EXERCISE BRIEF
In full and word for word, copy the listing; no pictures belong in the copy.

====== RECORDED DATA

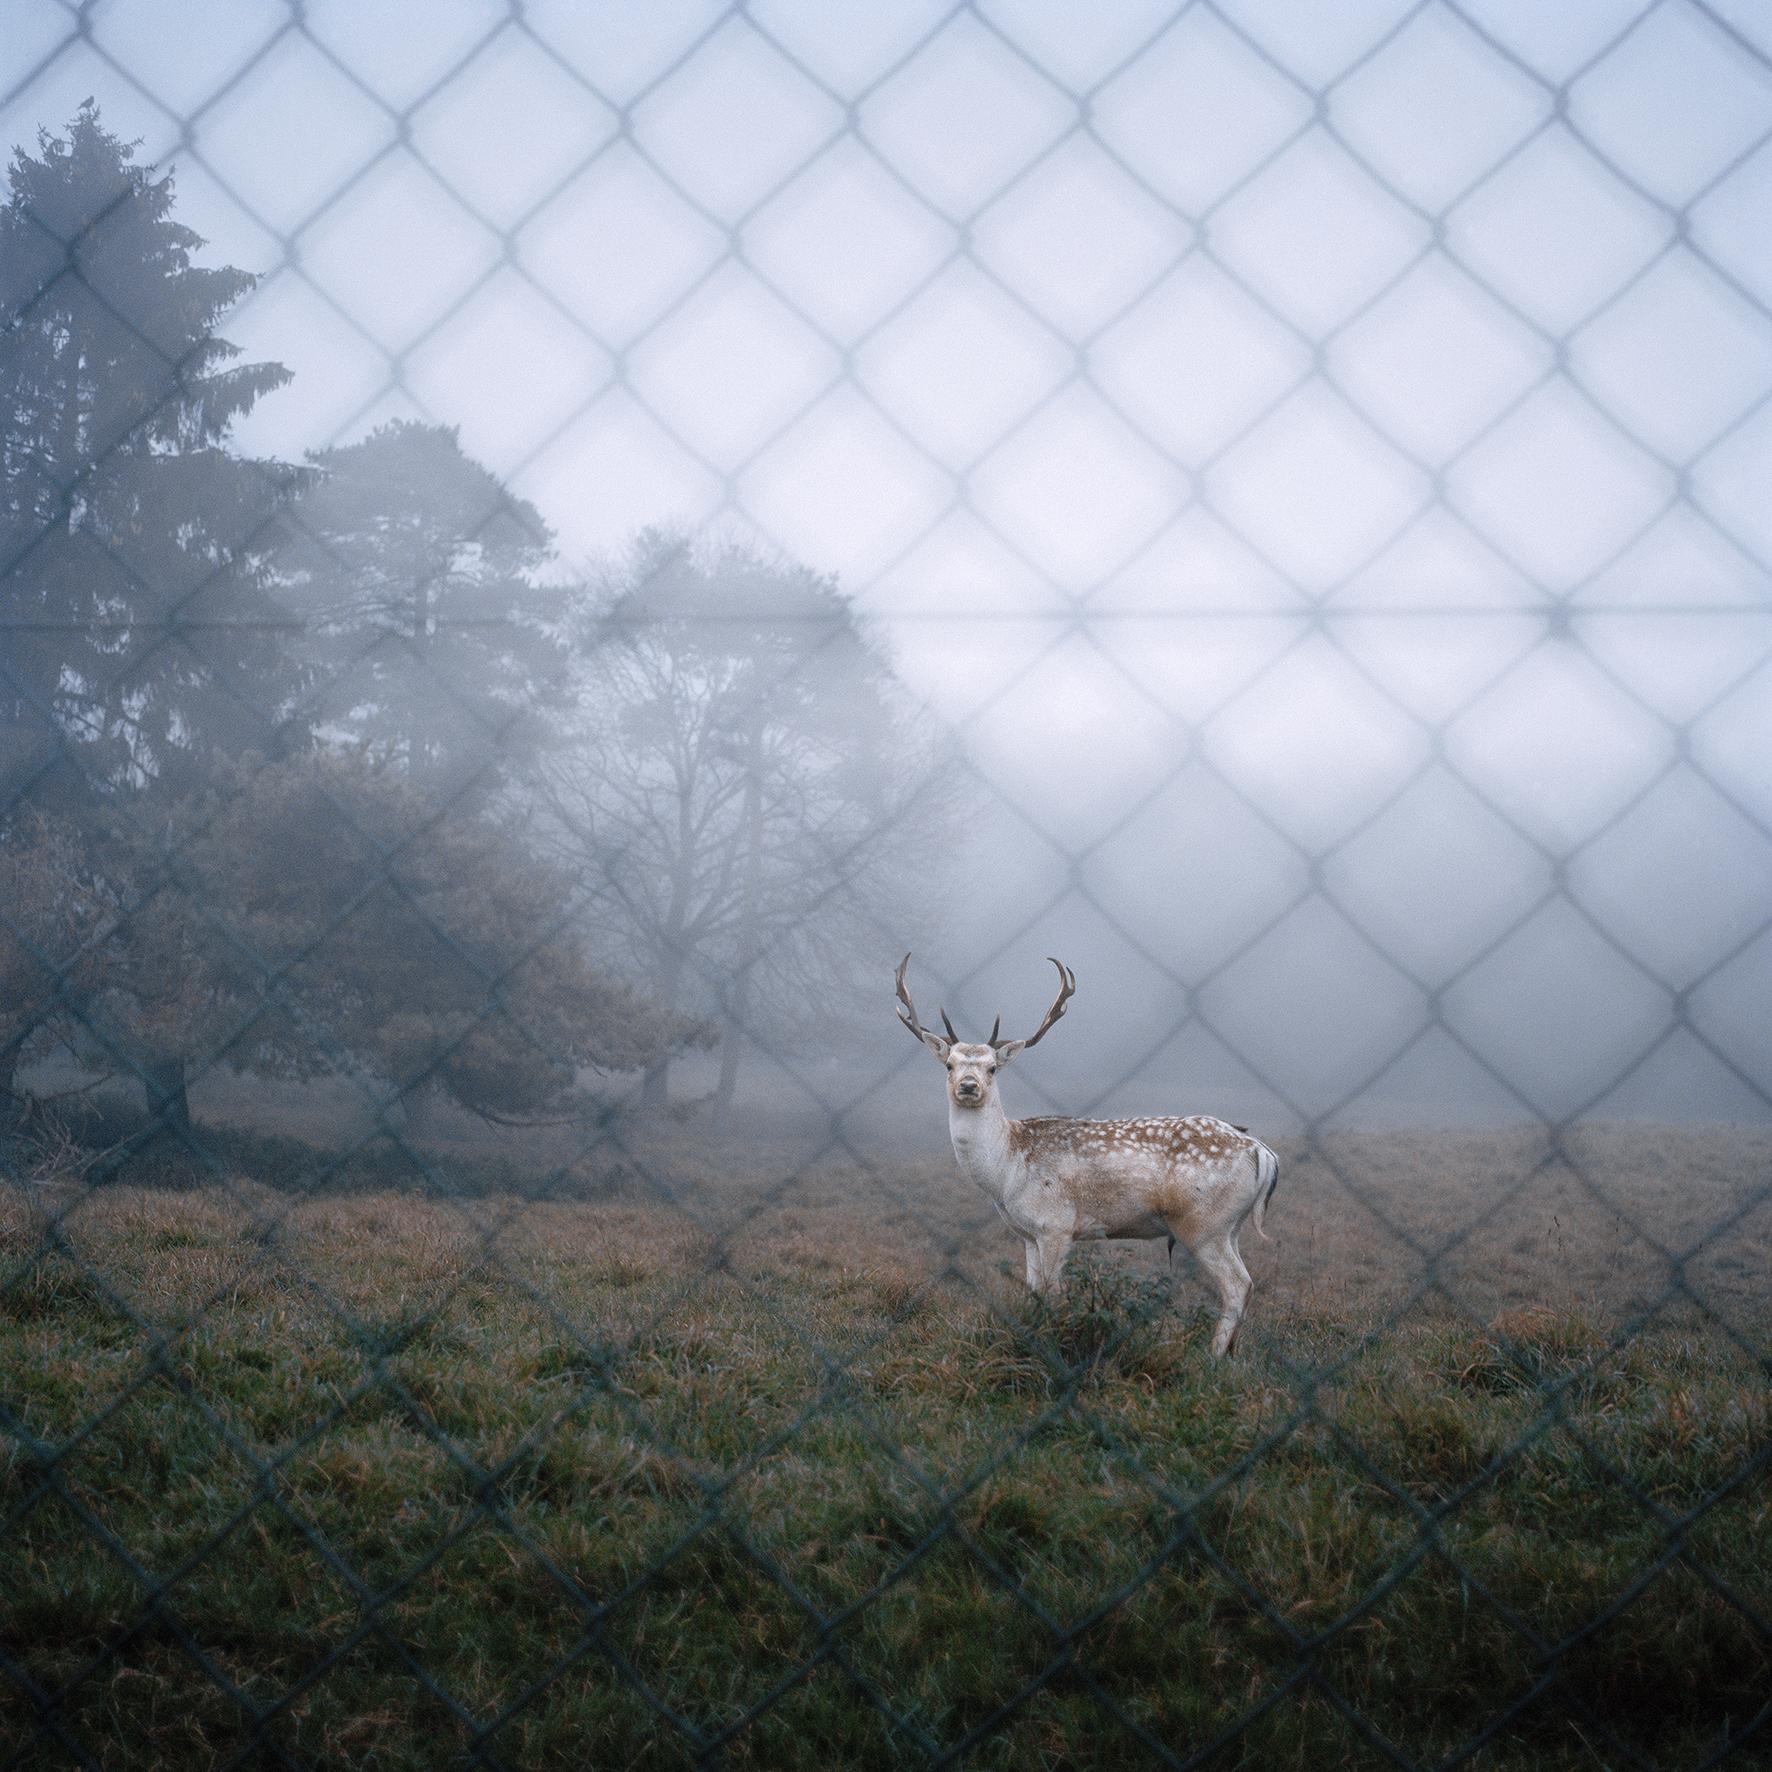 Maelle Collin_Deer_Web.jpg
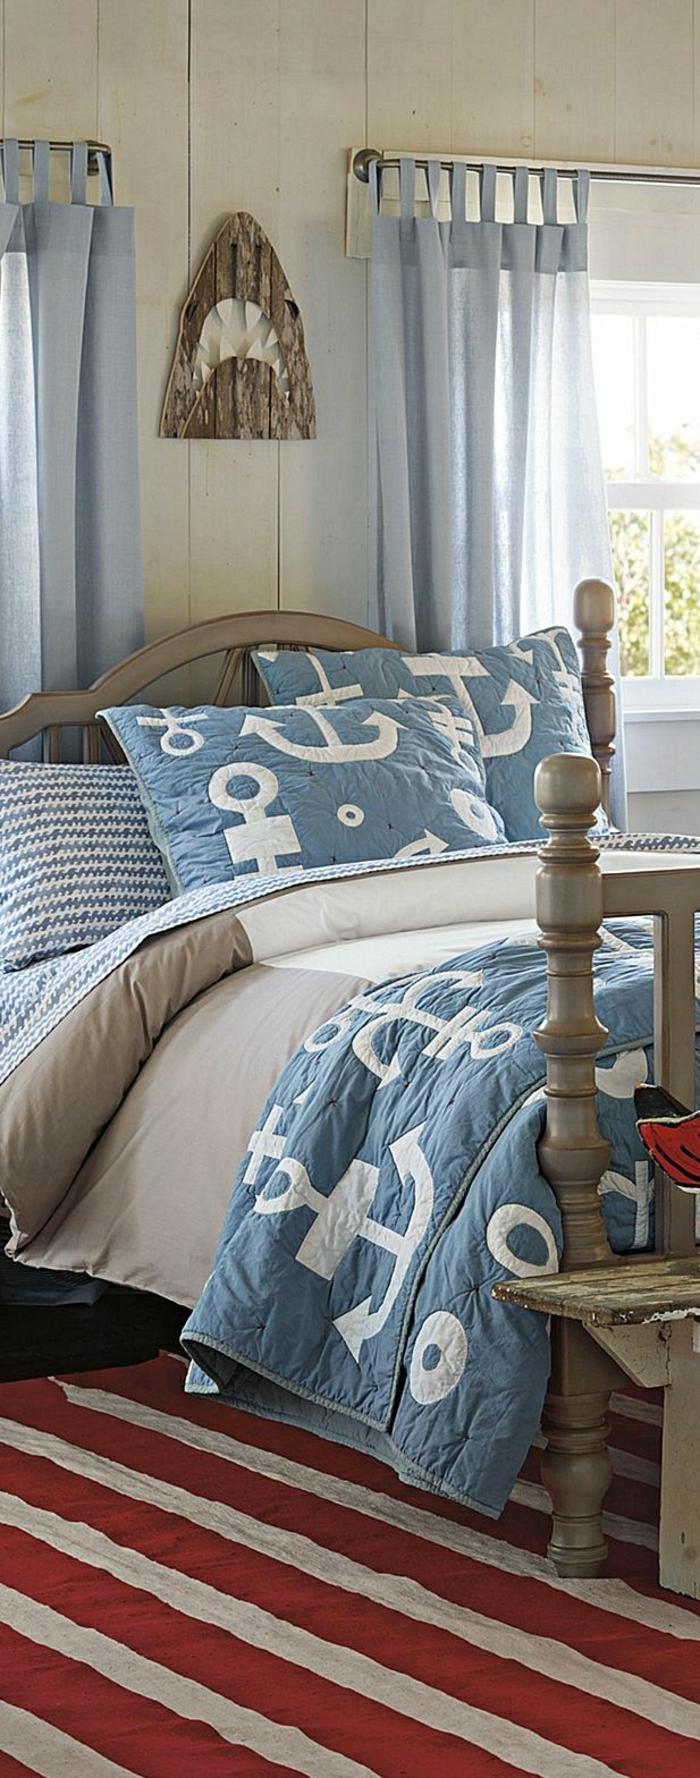 chambre-de-style-marine-idée-linge-de-lit-style-marin-deco-bord-de-mer
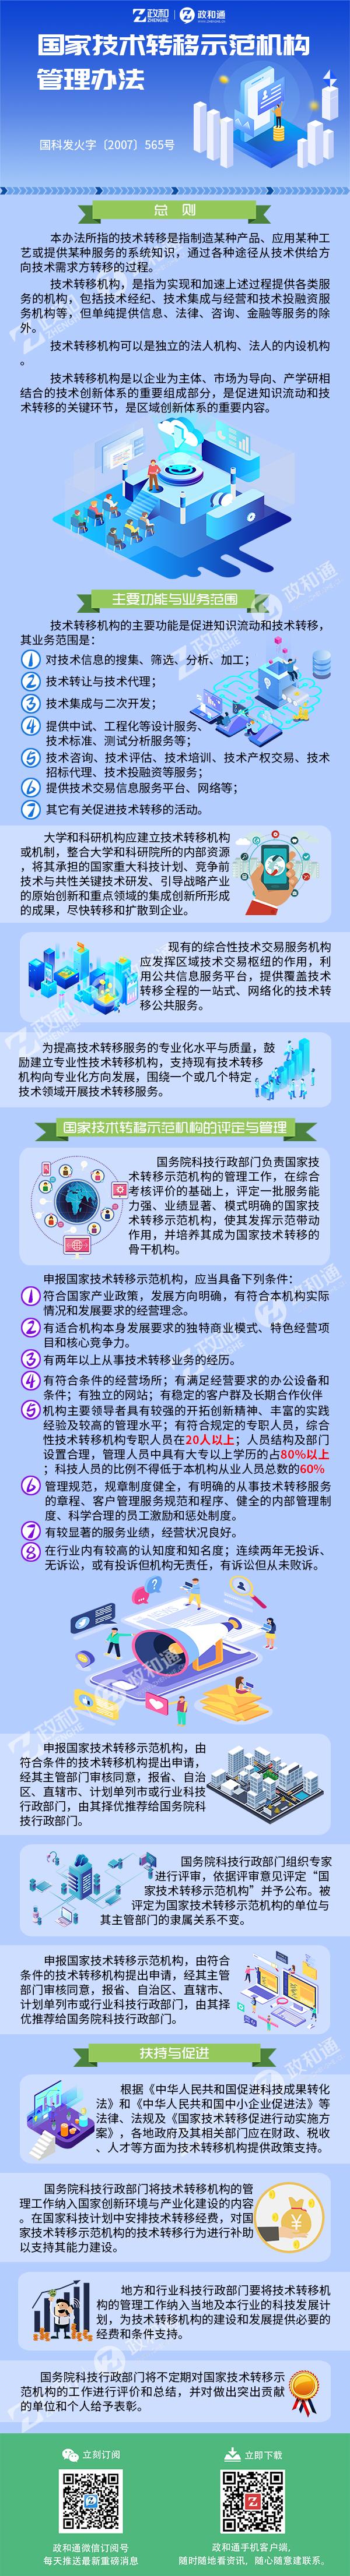 国家技术转移示范机构管理办法tushuo.jpg

============

OUTPUT
 Maelle Collin_Deer_Web.jpg
 chambre-de-style-marine-idée-linge-de-lit-style-marin-deco-bord-de-mer
 国家技术转移示范机构管理办法tushuo.jpg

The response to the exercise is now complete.